Les premières mentions de ce lieu, en tant que communauté spirituelle, remontent au IXe siècle. Les canyons du Sil, ce monument naturel de la province d'Orense, semble un endroit magnifique pour s'isoler et méditer. Et c'est précisément dans une colonie d'ascètes que l'on semble trouver ses origines, comme c'est le cas d'autres groupements monastiques galiciens. Mais ce n'est que plus tard, au XIIe siècle, qu'il est devenu un véritable monastère, appartenant à l'ordre des bénédictins. La construction de son église peut être placée à ces dates, mais le reste des constructions apparaissent plus tard.
Pendant trois siècles, il a vécu une période de prospérité, ayant de larges possessions dans la région. Pendant la période médiévale, il a contemplé sa splendeur comme l'un des plus importants monastères de la Ribeira Sacra. Aujourd'hui encore, ses vestiges révèlent des particularités architecturales qui en font un joyau unique. Avec le temps, son importance a diminué et, à la fin du Moyen Âge, il est devenu une partie dépendante du monastère voisin de San Esteban de Ribas de Sil. Il en va de même pour San Vicente de Pombeiro, situé dans la ville de Pantón à Lugo.
En tant que prieuré de Santo Estevo, il a vu la croissance d'un nouveau cloître, un point culminant pour la tour de son église et sa décoration avec des peintures murales aux motifs religieux. Le souvenir des voies de communication qui y ont conduit, sont des indications de l'importance qu'elle a atteinte. Les moines consacraient leur temps à la prière et à la consultation des livres. L'armarium claustri, où les frères ont laissé leurs volumes, est la preuve de ces promenades de lecture. Mais ils ont aussi cultivé la vigne, la culture par excellence de cette terre de sang vigneron.

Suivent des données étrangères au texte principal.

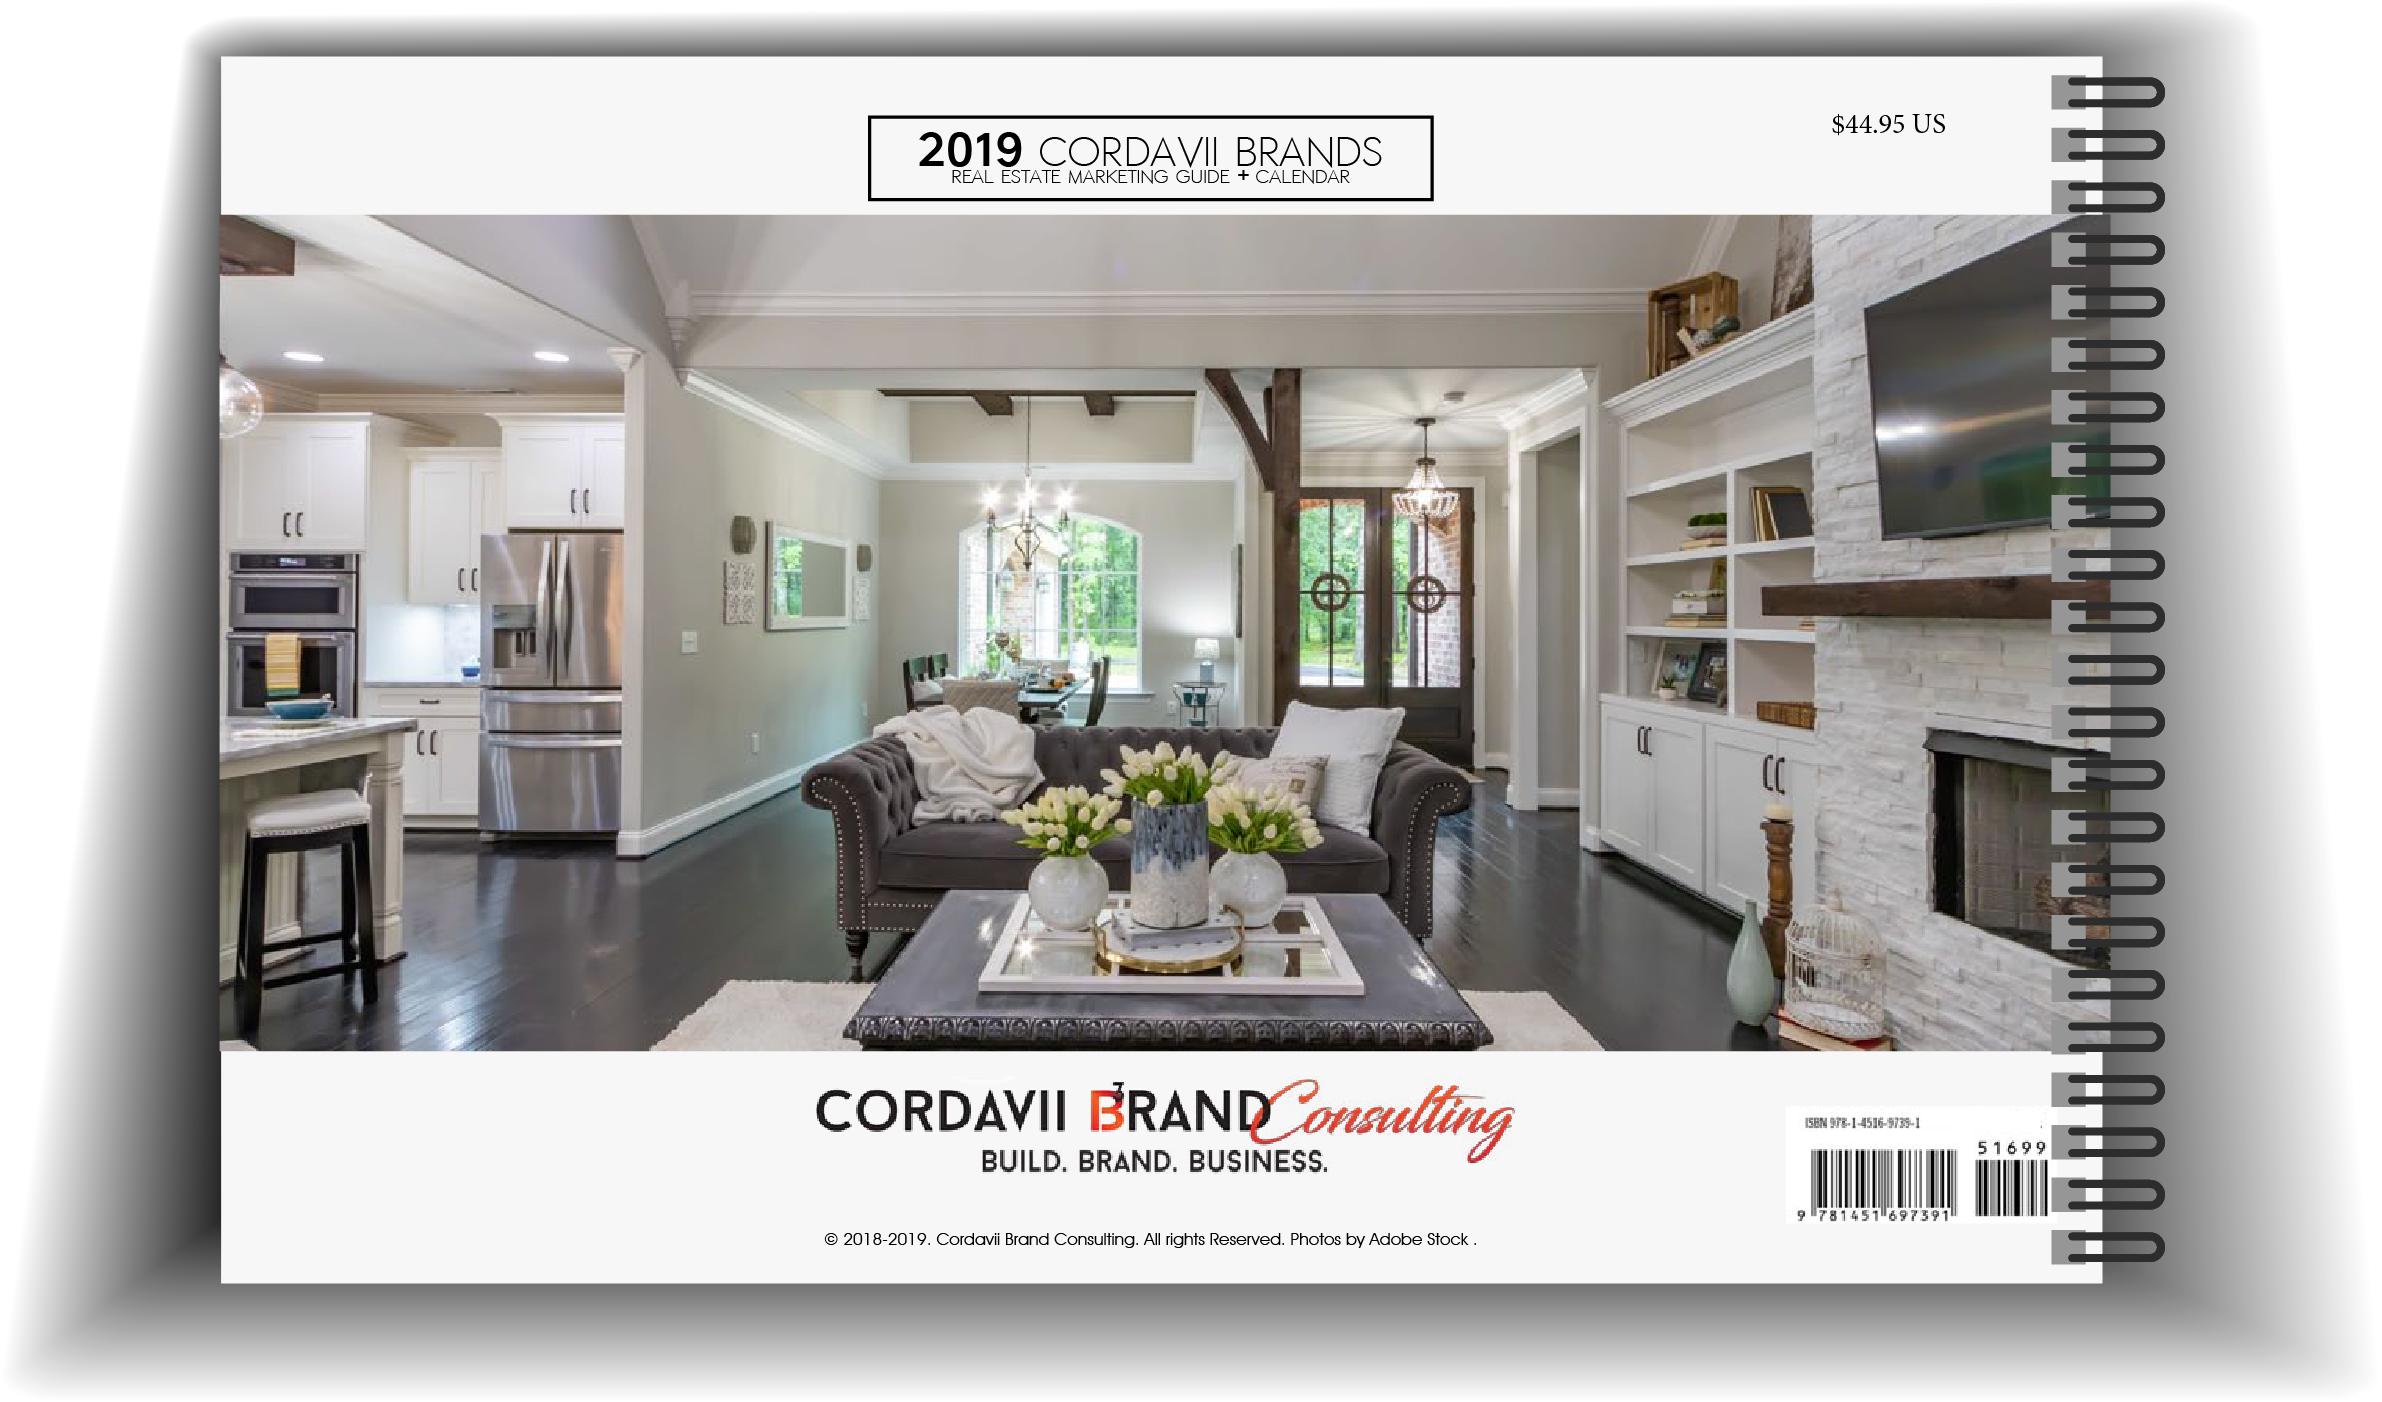 Cordavii 2019 Real Estate Marketing Calendar Back Cover
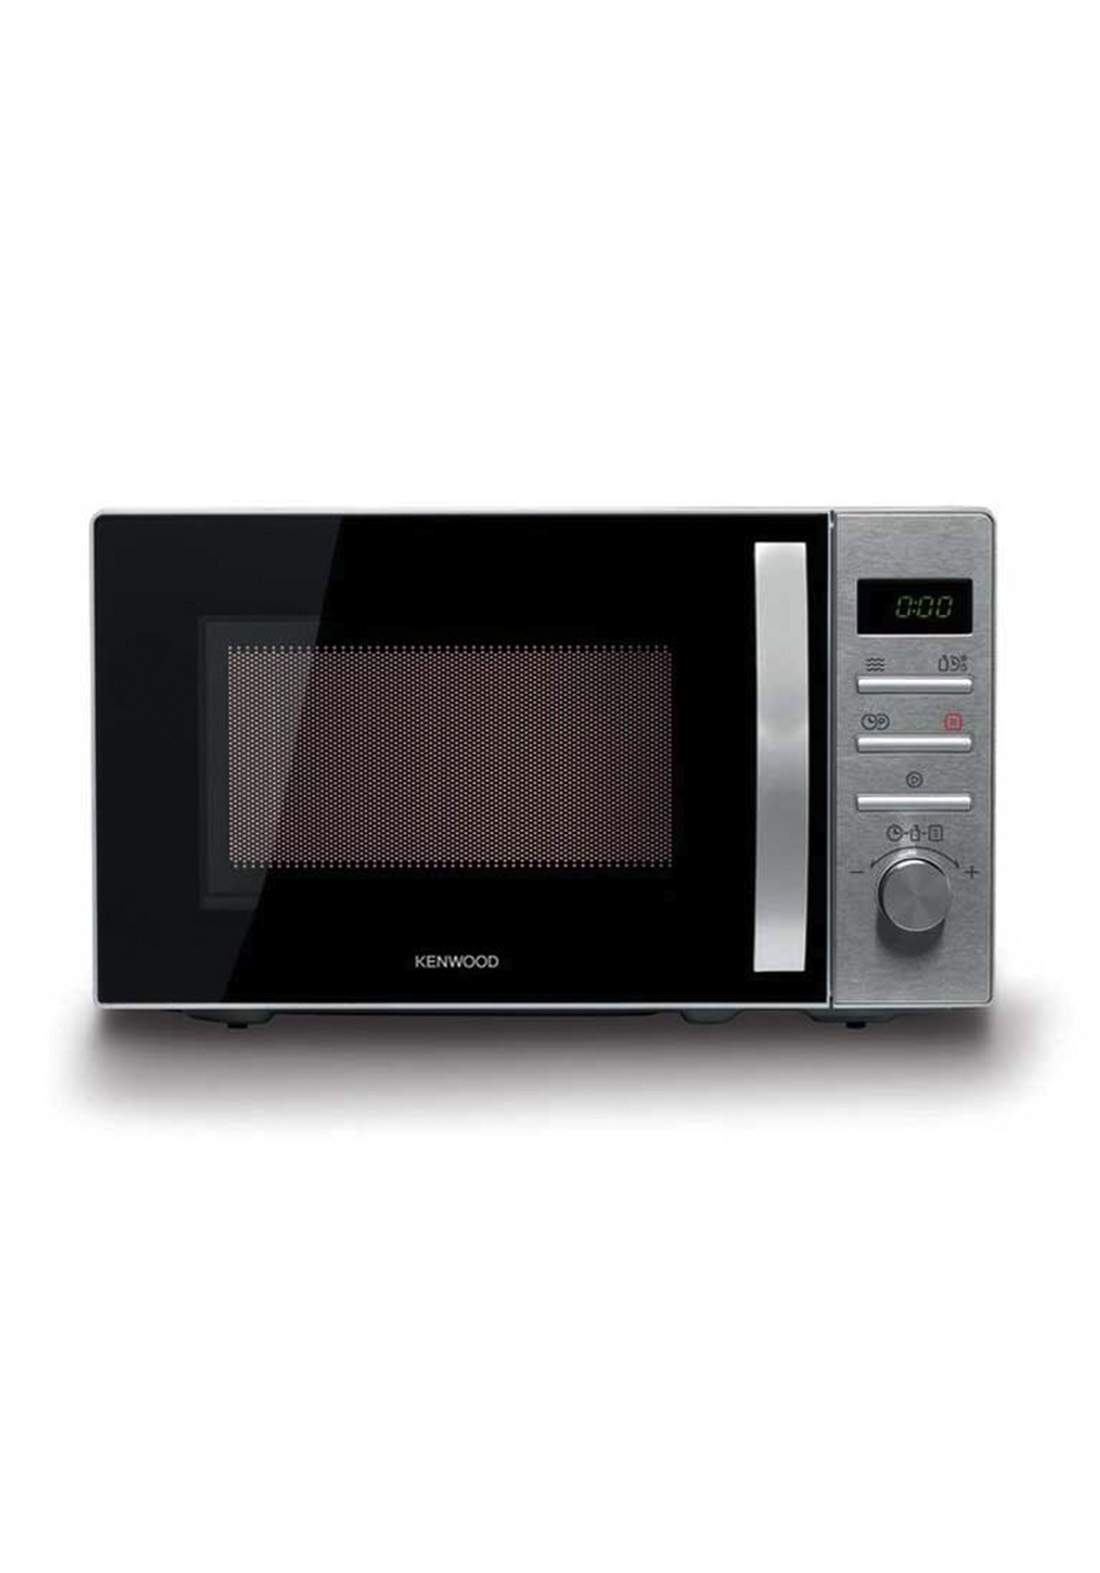 Kenwood  MWM22.000BK Microwave Oven  مايكروويف طعام

Depuis 1835, les désillusions ont transformé son ancienne splendeur en un mirage. Avec le départ des moines et l'abandon de l'activité, une nouvelle étape a commencé. Santa Cristina et Santo Estevo étaient tous deux utilisés comme des maisons et des fermes privées, et même comme des écuries et des greniers à foin.
Les feuilles des arbres font de l'ombre à la pierre en été et en hiver. En automne, l'atmosphère est colorée d'ocre et d'or. Et quand il pleut, l'eau dessine des formes sur les murs qui restent debout. L'architecture et l'art coexistent avec la forêt, s'imitent et respirent le même espace et le même temps.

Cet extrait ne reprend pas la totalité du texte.